Our study has several limitations. First, the data presented focus exclusively on registered trials. Similarly, phase 1 trials may be underrepresented. Second, there is a significant amount of missing or unsubmitted data for certain data fields, which limits the completeness of the analyses and thus the interpretability of the results presented. Third, given the rush to conduct more research, there may be trials underway that had not yet been registered, an important issue given the common nature of retrospective registration. Fourthly, the quality of the available records was largely poor, with inconsistencies and errors throughout. We think that most of the issues have been resolved, though we cannot be certain that nothing was missed.

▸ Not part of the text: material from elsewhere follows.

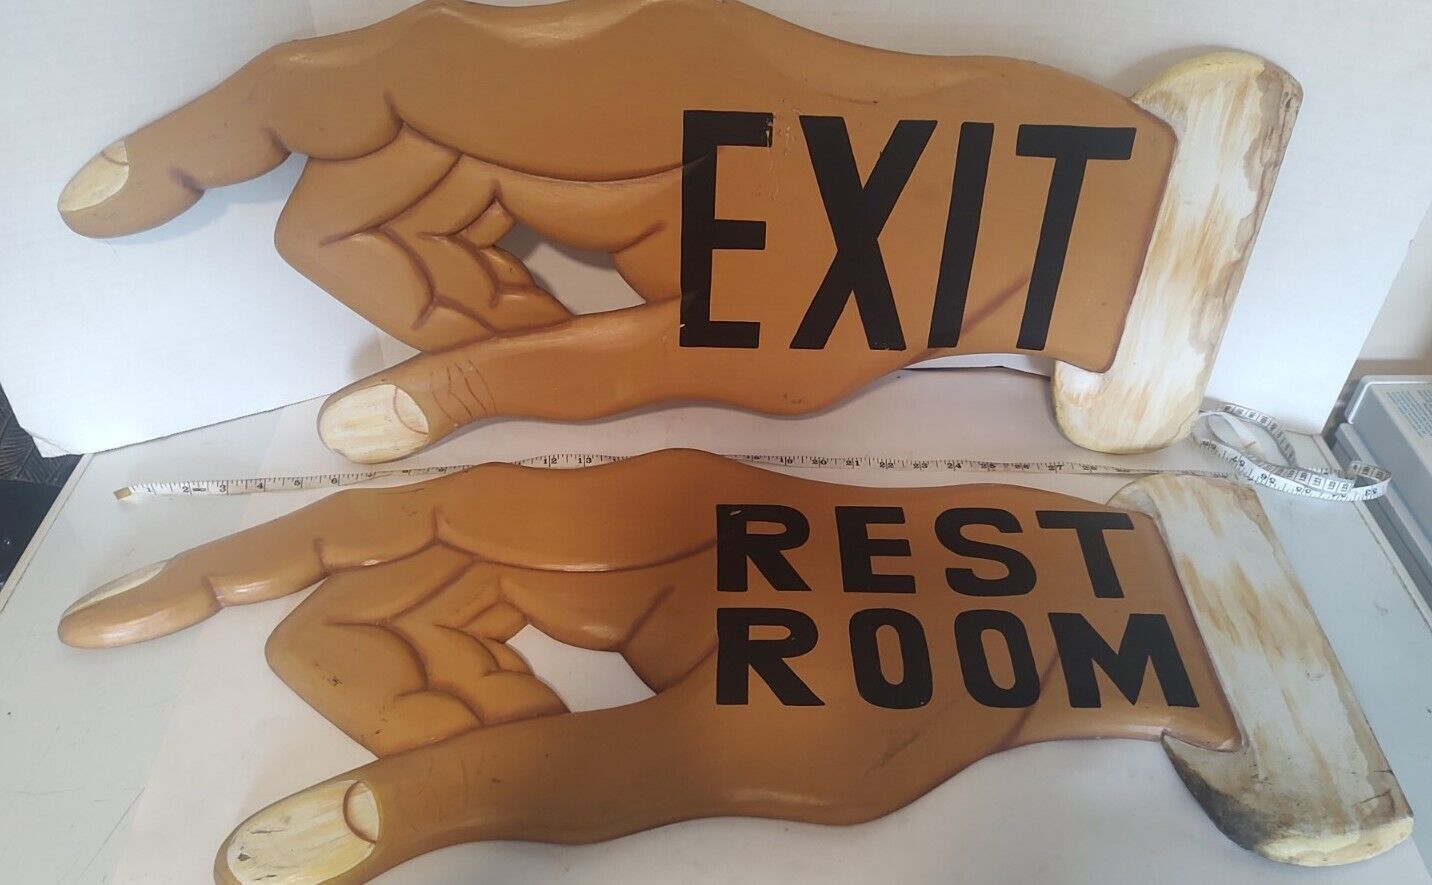 Vintage Handmade Folk Art Exit And Restroom Signs Pointing Fingers

With the hundreds of trials enrolling thousands of people currently underway, a more efficient and useful approach would be for research bodies such as the WHO, NIH, Inserm, etc. to create a coordinated research response to face the pandemic. The European Medicines Agency has called for similar efforts. We understand that there are political, ethical, administrative, contractual, regulatory, logistic, economic, and societal factors that may hinder research, though these difficulties should be overcome in times of global crisis. Persisting on the path of isolated investigation will likely only lead to futile trials and more death on a global scale. Given the large numbers of people with COVID-19, and given the recent push for more real-world evidence, we consider there to be an urgent need for a global high-quality COVID-19 patient registry, which could be used to detect large beneficial effects and provide relevant evidence for health-care decision making.
Initiatives such as the WHO R&D Blueprint aim to tackle the challenge of generating new evidence during disease outbreaks. We believe that clinical research must be integrated as an essential element of coordinated international response to epidemics. As those are exceptionally difficult contexts for clinical research, tools such as adaptive protocols that could feasibly be integrated into clinical practice, as well as global research networks and platforms, may be of great help to produce informative research. Due to unpredictable features of new outbreaks, continued enrolment throughout different locations should be advocated, allowing to achieve sufficient participants and combine research efforts.